Friday, 22 January 2010

Before considering medicine as a career......

......have a look at this anonymous post from an Irish junior doctor:

The link is to a post in the health sciences section of a popular Irish discussion forum.

While I think the doc in question has it worse than most, it's an interesting read for those thinking of going down the medical career path. Note the number of responses from other doctors, sharing stories of bullying. I think this is one of medicine's most shameful secrets.

One piece of advice I would give prospective medical students is that you need very very thick skin to be a doctor. I've never had the problems with consultants that the poster in the link had. I've had my share of bollockings, and I worked with a surgeon for 6 months who did, by all industry standards :P, bully me for the duration of the job.

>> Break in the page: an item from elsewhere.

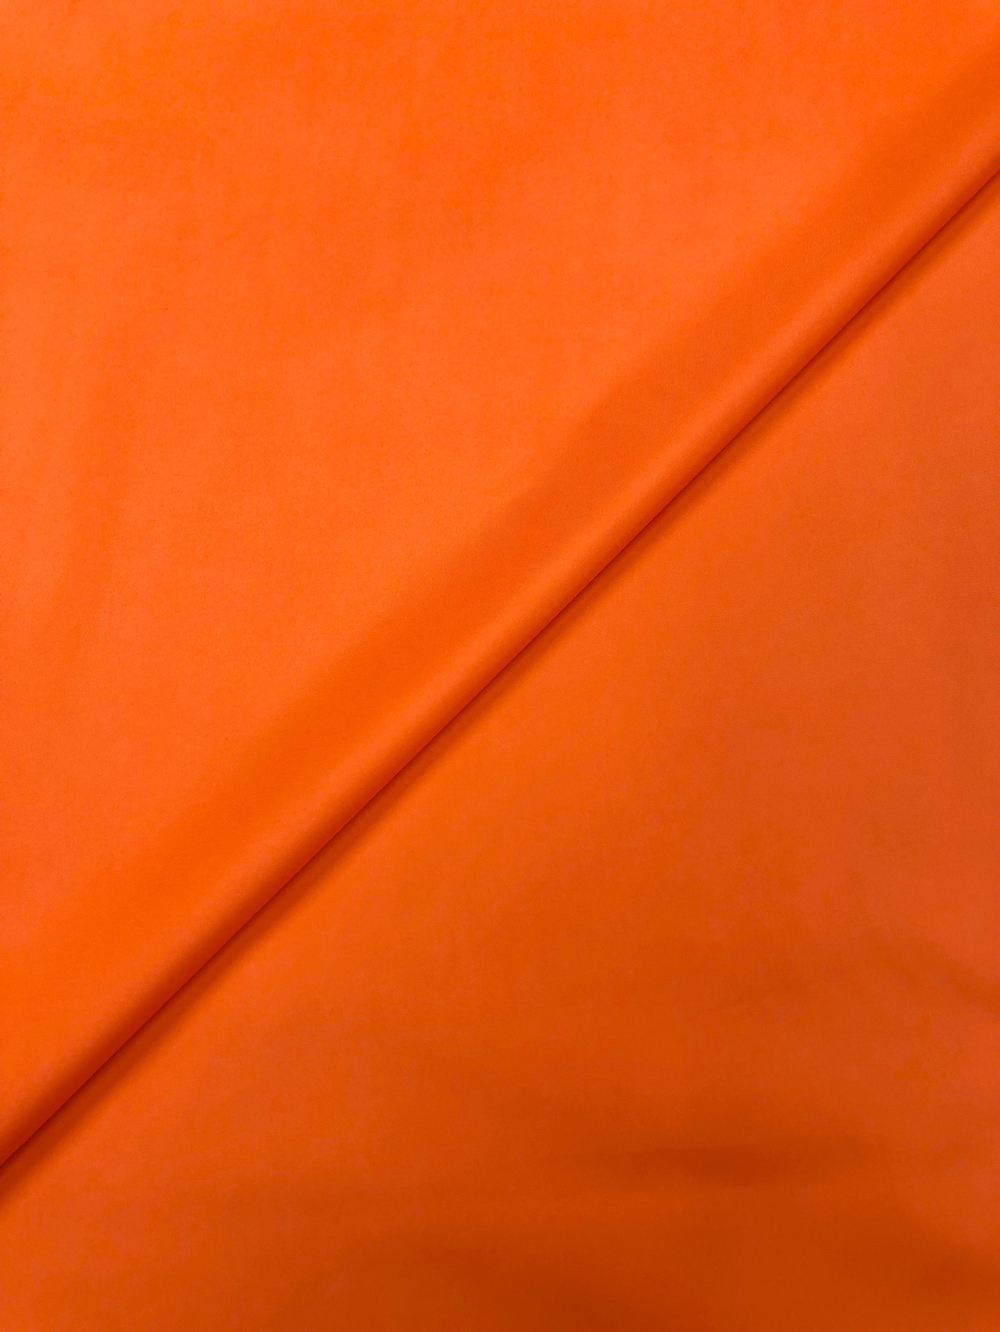 Ткань плащевая оранжевая, артикул 327811

I think I've been lucky, insofar as paeds attracts a type of doctor who's usually patient and caring. But bullying and abuse are most definitely part of the junior doctor package. Senior docs can give quite a lot of abuse (Ireland seems to be worse than anywhere for this...I didn't notice much bullying in Oz or New Zealand), nurses can be very harsh on junior docs (I found Australia and the UK pretty bad for this). Even admin have screamed at me in my time. It might be controversial to say this, but if you are female and from an ethnic minority, you are likely to get it in the neck more often than most (In my experience). But very few juniors get spared.

The standard response from prospective students when you tell them about this issue is:

A) But I know I'll love medicine, so I don't care about the other stuff.

B) I'm going to find it hard to hold my tongue.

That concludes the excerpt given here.